I have a pandas data frame similar to this:
name | sales | profit | profit_flag |
---|---|---|---|
Joe | 200 | 100 | True |
Joe | 300 | 150 | False |
Mark | 200 | 100 | True |
Mark | 300 | 150 | True |
Judy | 300 | 150 | False |
The actual data frame has 100 columns.
The idea is: I want to group by name, and aggregate all the columns. However, certain columns depend on a flag. In this case, sales
will be aggregated no matter what, but profit
should be included in the aggregation only if profit_flag
is True.
It should look like this if we use sum
:
name | sales | profit |
---|---|---|
Joe | 500 | 100 |
Judy | 300 | Nan |
Mark | 500 | 250 |
Is there anyway I can do this from one line using df.groupby('name').agg()
?
Right now I'm using:
grouped = pd.DataFrame()
grouped['sales'] = df.groupby('name').sales.sum()

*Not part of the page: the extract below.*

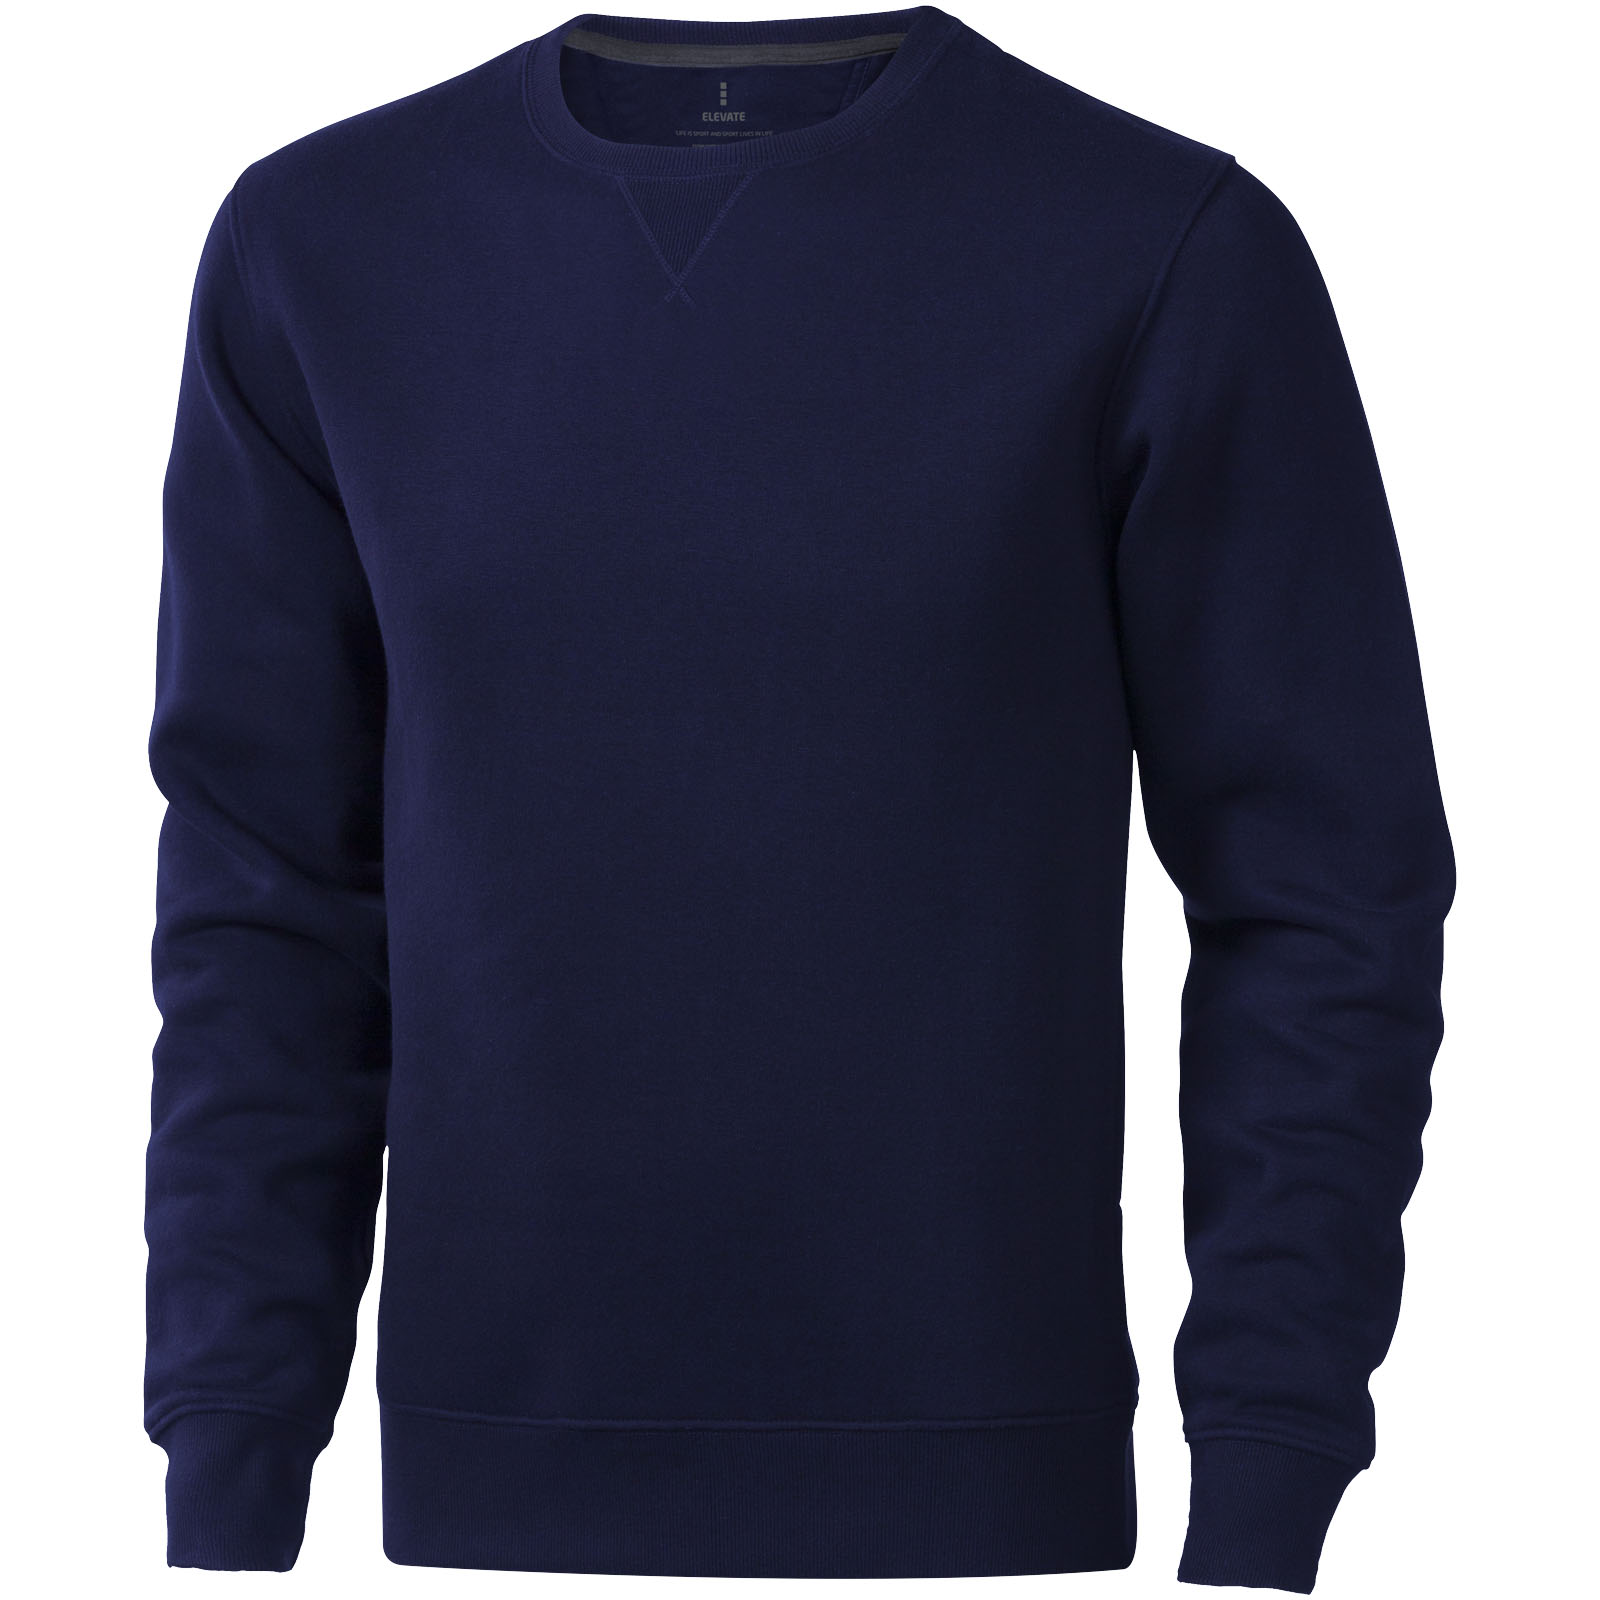 Advertising Sweaters - Surrey unisex crewneck sweater

grouped['profit'] = df[df.profit_flag].groupby('name').profit.sum()
I'm getting the correct result, but since the actual data frame has many more columns, I wanted to know if I could somehow write something like this to avoid the clutter:
grouped = df.groupby('name').agg({
'sales': 'sum',
'profit' 'sum' #if profit_flag })
Is this even possible or should I just group 'flag dependent columns' in separate statemetns?
CodePudding user response:
You can mask the values prior to aggregation:
(df.assign(profit=lambda d: d['profit'].where(d['profit_flag']))
.groupby('name', as_index=False)[['sales', 'profit']].sum(min_count=1)
)
Output:
name sales profit
0 Joe 500 100.0
1 Judy 300 NaN
2 Mark 500 250.0